Civilisation latine 3

mercredi 23 juillet 2014, par Bernard NADOULEK

La controverse entre Saint Augustin et Pélage

Un exemple des contradictions théologiques du christianisme vient de la controverse entre Saint Augustin, partisan de la prédestination et de la grâce, et le moine Pélage, défenseur du libre arbitre qui conteste l’universalité du péché originel. Pour Augustin, depuis Adam, l’homme est déchiré par le péché originel et voué au mal sans le secours de l’Eglise. L’omniscience de Dieu, Qui connaît la destinée de chaque créature depuis les origines, implique que chaque homme soit prédestiné : certains à la grâce, d’autres à la damnation. Pour Pélage, défenseur du libre arbitre, l’idée qu’on ne puisse pas gagner son salut en toute liberté par l’effort spirituel, est inacceptable. Une destinée fixée par Dieu de toute éternité, constituerait une négation de Sa bonté et du Salut Universel. Augustin, grand dignitaire de l’Eglise, obtient que le pélagianisme soit condamné comme hérésie. Mais, comme la controverse se maintient, l’Eglise se garde sur ses deux flans. Elle conserve un augustinisme modéré, qui implique que seul le christianisme apporte la grâce et le salut aux élus de Dieu ; et maintient une dose de pélagianisme, de libre arbitre et de volonté spirituelle, ce qui permet de conserver l’idée du Salut Universel, essentielle pour développer une religion de masse.

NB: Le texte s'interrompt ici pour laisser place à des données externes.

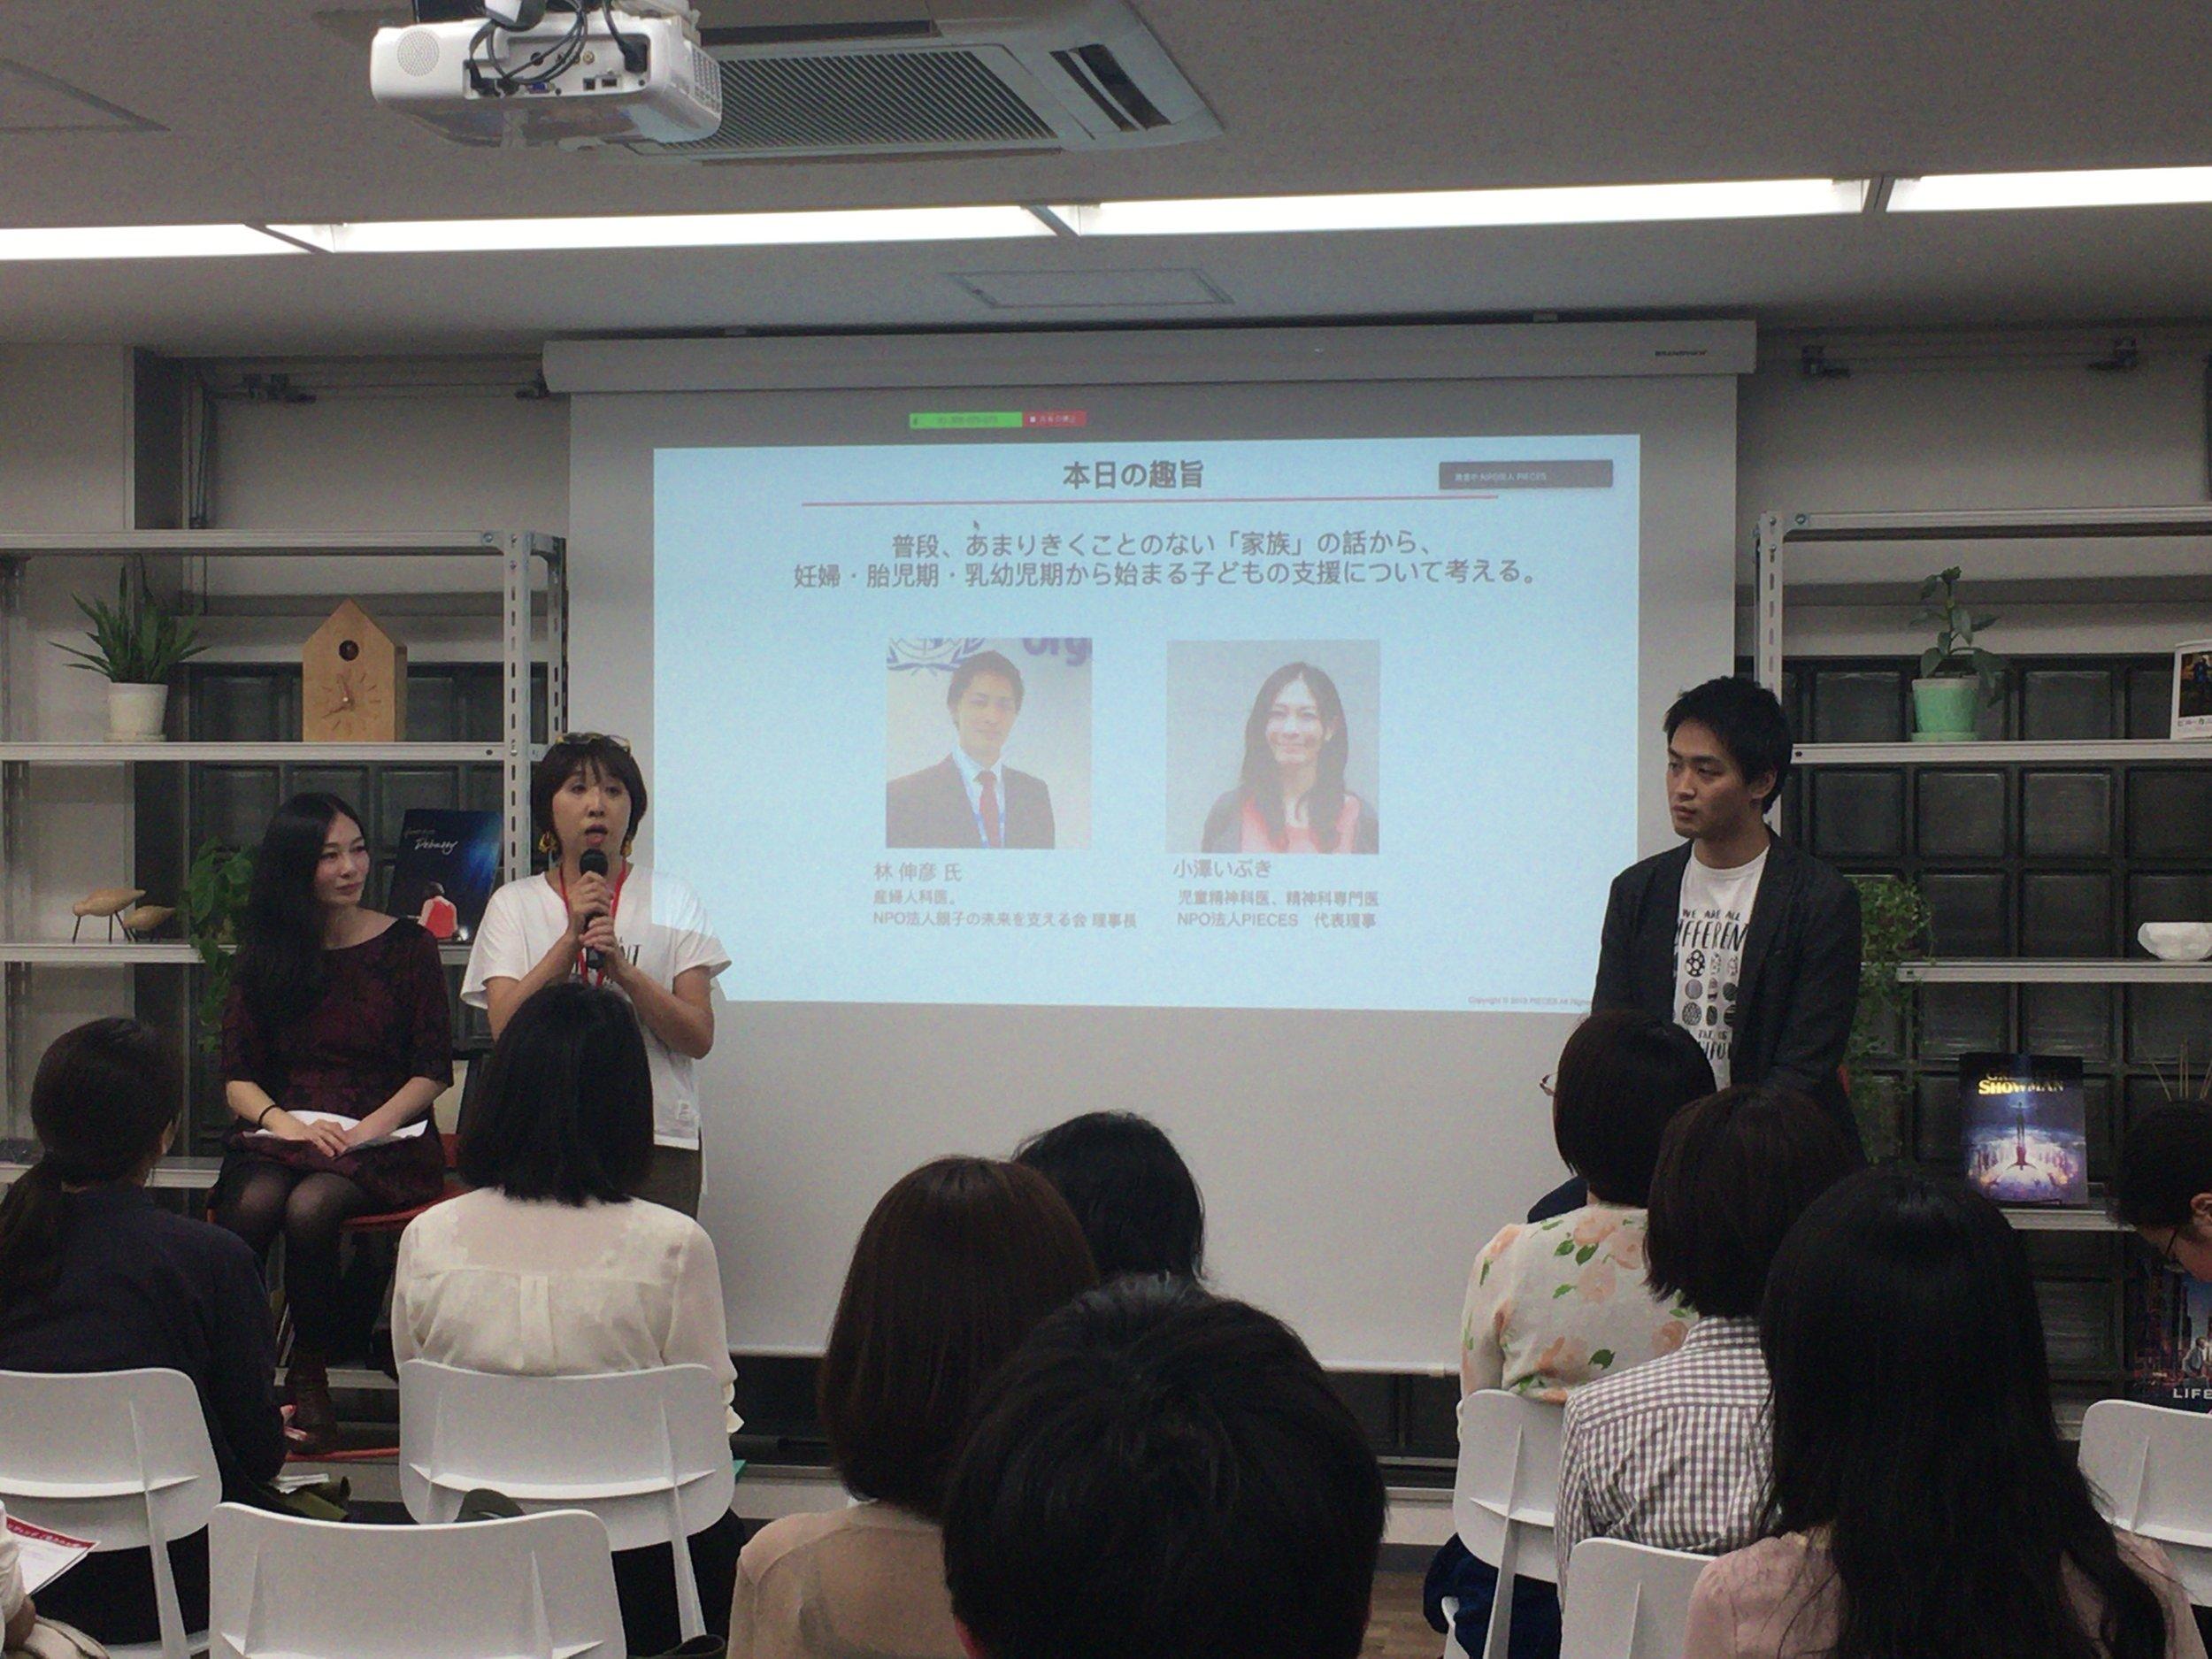 親子の未来を支える会の水戸川さん

Pacifisme, guerre juste et guerre totale

Autre exemple d’ambiguïté avec la guerre. Initialement, le pacifisme et la non-violence étaient les armes des premiers chrétiens et de leurs martyrs. Devenu religion d’Etat, le christianisme doit faire évoluer sa doctrine en fonction de ses nouvelles obligations : service militaire des chrétiens, répression des hérétiques et lutte contre les invasions barbares. Saint Augustin légitime la guerre juste sur deux plans : défensif et offensif. La guerre est juste lorsque les chrétiens doivent se défendre des impies qui les persécutent. Elle est tout aussi juste lorsque les chrétiens persécutent les impies pour leur bien pour leur apporter la vérité, les convertir et leur offrir le salut : "… les impies persécutent en rendant le mal pour le bien, tandis que nous n’avons en vue que leur salut éternel…". Saint Augustin utilise la parabole des invités, où Jésus invite ses convives à participer à une noce (union avec Dieu). Mais les invités sont réticents et les serviteurs sont envoyés pour "forcer" les passants à entrer dans la maison du Christ. "Forcez-les à entrer" sera le mot d’ordre de la guerre totale, qui s’accentue avec l’évangélisation des barbares, voués au baptême forcé ou au massacre, car : "…celui qui croira sera sauvé et celui qui ne croira pas sera condamné".

Guerre Sainte, Inquisition et guerres de religion

Pendant que l’Eglise continue à prêcher l’amour et la paix au peuple, les doctrines de guerre se multiplient à travers les Croisades, l’Inquisition et les guerres de religion contre les protestants. Du XIe au XIIIe siècle, huit croisades successives donnent lieu à une violence débridée, menée au nom du Christ. C’est la reprise du concept de guerre sainte de l’Ancien Testament : les musulmans et les juifs sont exterminés pour libérer la Terre Sainte et obtenir le salut. Cette violence se perpétue avec la Reconquista jusqu’au XVIe siècle. L’Inquisition commence dès les débuts du christianisme avec l’élimination des hérétiques et se poursuivra, de massacres en bûchers, jusqu’au XVIIIe siècle. La violence qui se tourne contre les hérésies est justifiée par la parabole des "sarments secs" qu’il faut brûler. Arnaud Amaury, légat du pape, résume sa doctrine devant Béziers : "Tuez-les tous, Dieu reconnaîtra les siens..." : 30 000 personnes seront massacrées. Enfin ce seront les guerres de religion, avec les massacres de la Saint-Barthélemy et la répression sanglante de la Guerre des Paysans. Depuis la non-violence jusqu’à la guerre totale, et de la Guerre Sainte à l’Inquisition, chaque étape de violence est légitimée par une doctrine tirée des Evangiles !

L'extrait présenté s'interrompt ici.